There isn't anything that would prevent this. However, as in the stage 1
scenarios, explicitly writing a PTE as a result of a permission fault
should also mark the entry as accessed (young, either as the default
protection in PROT_DEFAULT or explicitly via pte_mkyoung).

> Don't we loose the AF information in that case too?

Since the hardware never clears the AF bit automatically, there is no
information to lose in this race as long as the kvm_set_s2pte_writable()
sets the AF bit. AFAICT, the PAGE_S2 and PAGE_S2_DEVICE definitions
already use PROT_DEFAULT which has the AF bit set.
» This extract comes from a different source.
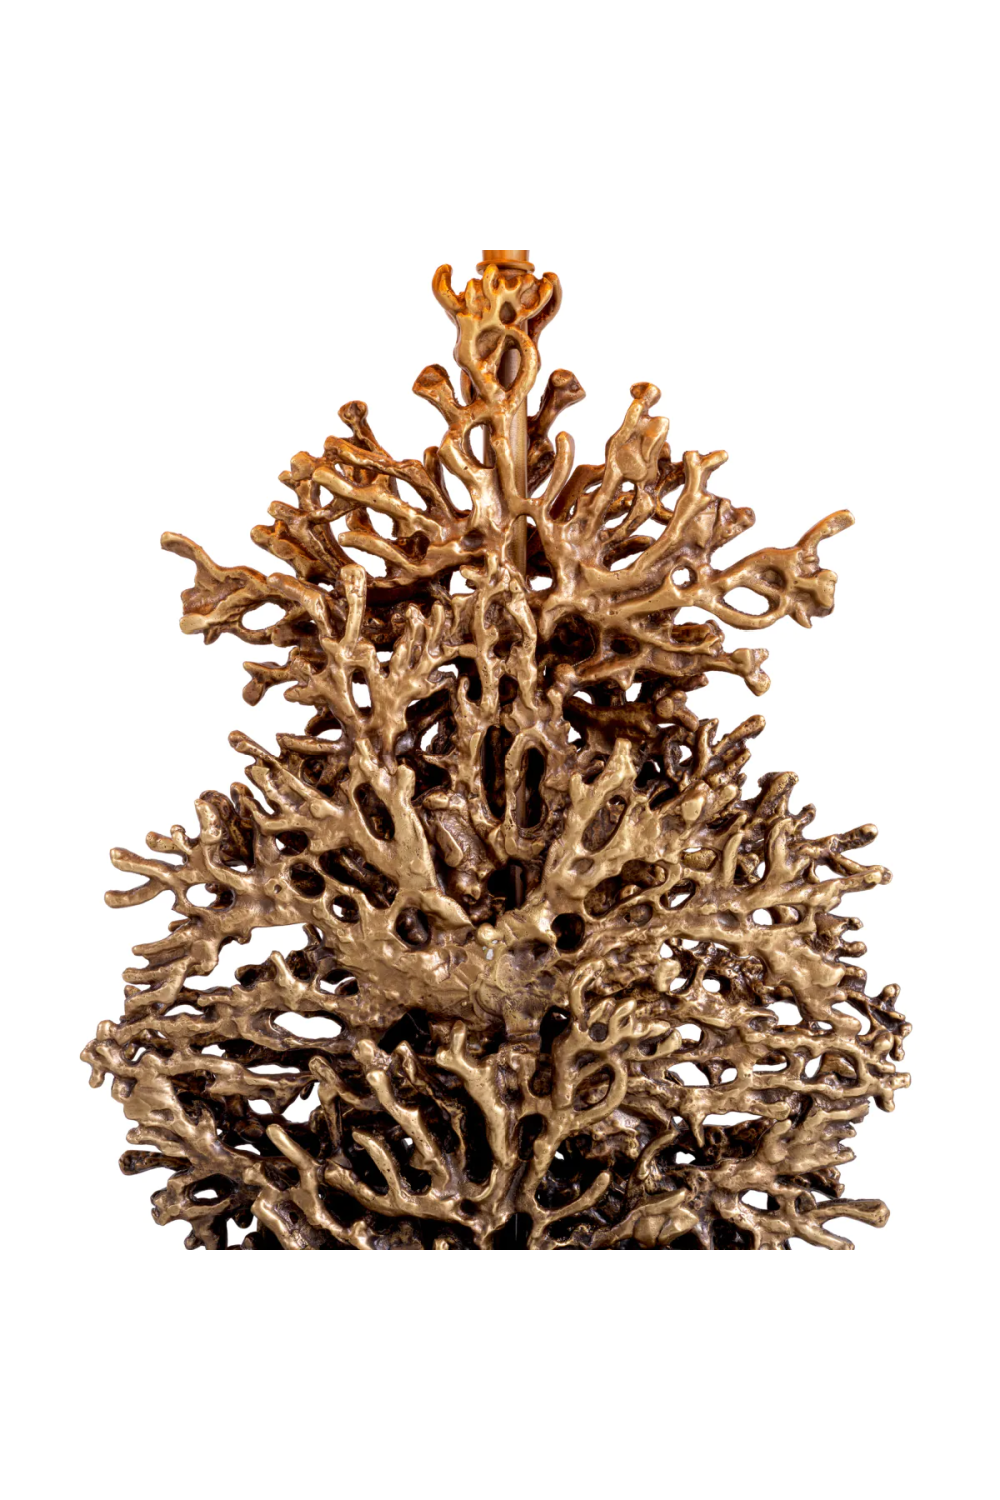 Faux Coral Table Lamp, Eichholtz Corallo

> >  static inline void kvm_set_s2pte_readonly(pte_t *pte)
> >  {
> > -	pte_val(*pte) = (pte_val(*pte) & ~PTE_S2_RDWR) | PTE_S2_RDONLY;
> > +	pteval_t pteval;
> > +	unsigned long tmp;
> > +
> > +	asm volatile("//	kvm_set_s2pte_readonly\n"
> > +	"	prfm	pstl1strm, %2\n"
> > +	"1:	ldxr	%0, %2\n"
> > +	"	and	%0, %0, %3		// clear PTE_S2_RDWR\n"
> > +	"	orr	%0, %0, %4		// set PTE_S2_RDONLY\n"
> > +	"	stxr	%w1, %0, %2\n"
> > +	"	cbnz	%w1, 1b\n"
> > +	: "=&r" (pteval), "=&r" (tmp), "+Q" (pte_val(*pte))
> 
> so the +Q means "pass the memory address of the value and by the way the
> content, not the address itself, can be updated by the assembly code" ?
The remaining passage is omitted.